I screwed up and a big time.

I hate being mad and this time I hated more because I got it all out on lills.

And that just made me hate myself more.

If I doubted her that means I doubted myself. I was consumed by jealousy and I hunted her.

Now I just wanna hurt myself for hating her.

Normal people at my age drink so they can forget their pain, I couldn't even do that.  How sad my life is.

I was now in front our pool,  that I just wanted to sink in there,  maybe I'll wash all the pain and the guilt.

A voice distract me from my stupid thoughts.

" Yo, mommy.  " , oh my god dad and his weird greetings. 

" hey, dad.  You know normal people greet like that.  "

" Yeah, yeah.  Don't be sarcastic on me now.  "

He made himself comfortable near me. I rarely had this meets with my dad when we talk we laugh and we bond.  But when we do it's the greatest moments in my life.

He gave a long deep look with his piercing blue eyes.  And I knew we were gonna have same deep conversation.

" Son, are you okay ? . "

I chuckled dodging his question with a smile and made it as a joke.

" I'm okay dad . "

" so let me ask again.  Alexander,  are you okay ?. "

And this time I knew there was no escape,  he was really worried and I cursed myself for making him feel like this. 

" I don't know dad.  "

But this answer wasn't enough. For him or for me.  I don't know how am I?  , I don't know what to do ? , I don't know how to survive this?.

This was meant as a whishpers to my self but somehow my dad heard them,  I saw it in his eyes.

" I'm scared,  dad. "

I'm scared to lose her, I'm scared to lose myself in her love.

" Listen,  Alex these days you became distant from me and your mother too and we are scared of you too,  we want our son back. "
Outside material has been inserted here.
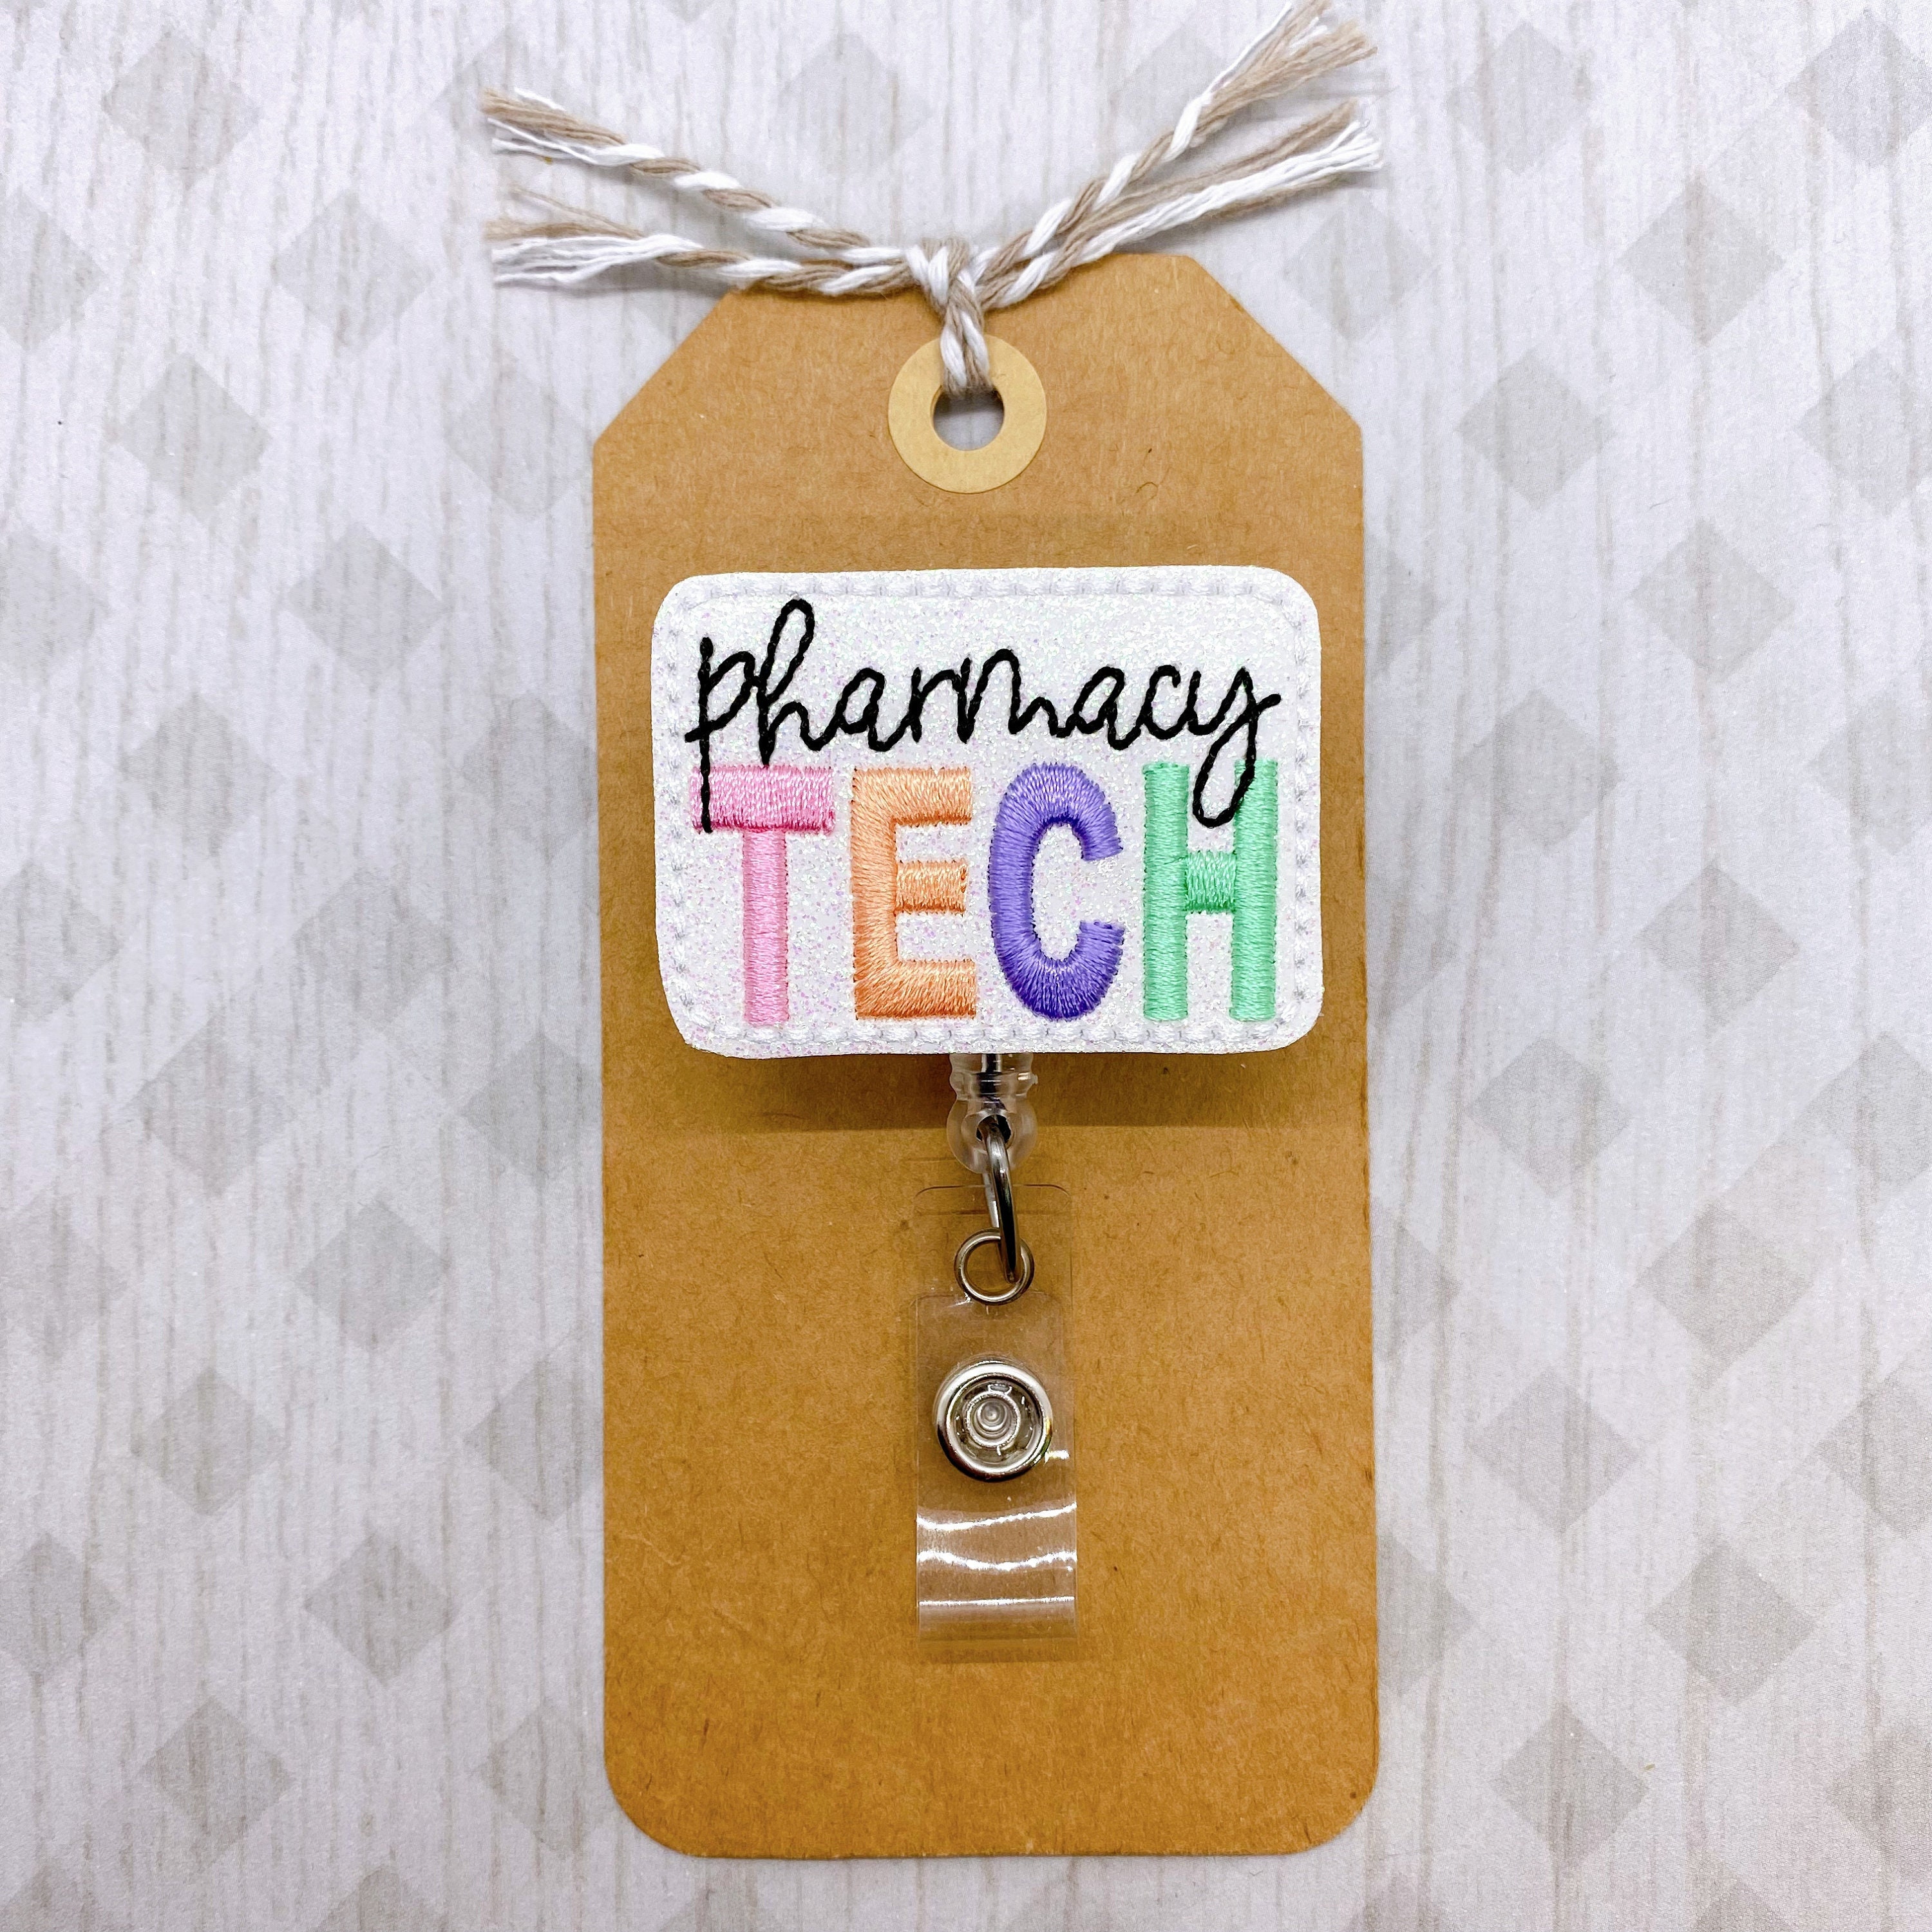 Pharmacy Tech Badge Reel, Pharmacist Badge Reel, Nurse Badge Clip, Medical Lanyard, Badge Buddy, Employee Badge, Retractable ID Badge Holder

Now I hated my self more for making them feel like they lost me,  I bet they think they weren't good enough parents so I'm like this.

I'm in pain but everyone around me is hurting.

" Dad,  I'm sorry for being like that.  I promise you I'm gonna get it together and I'll be better.  "

" No , Alex.  no you won't get it together and you won't be better. Because you and I both know that you are just lying not to us but to yourself. Alex, if you can't believe what you're saying how do you except people to believe you?.  "

He was right, I was feeding my self and everyone around me lies.  And the worse thing that I started to believe them.

I was to hug my dad and cry my heart out but god that sounded so girlish  , dad will beat the shot out of me if I did this.

But the feeling doesn't compare between boys and girls.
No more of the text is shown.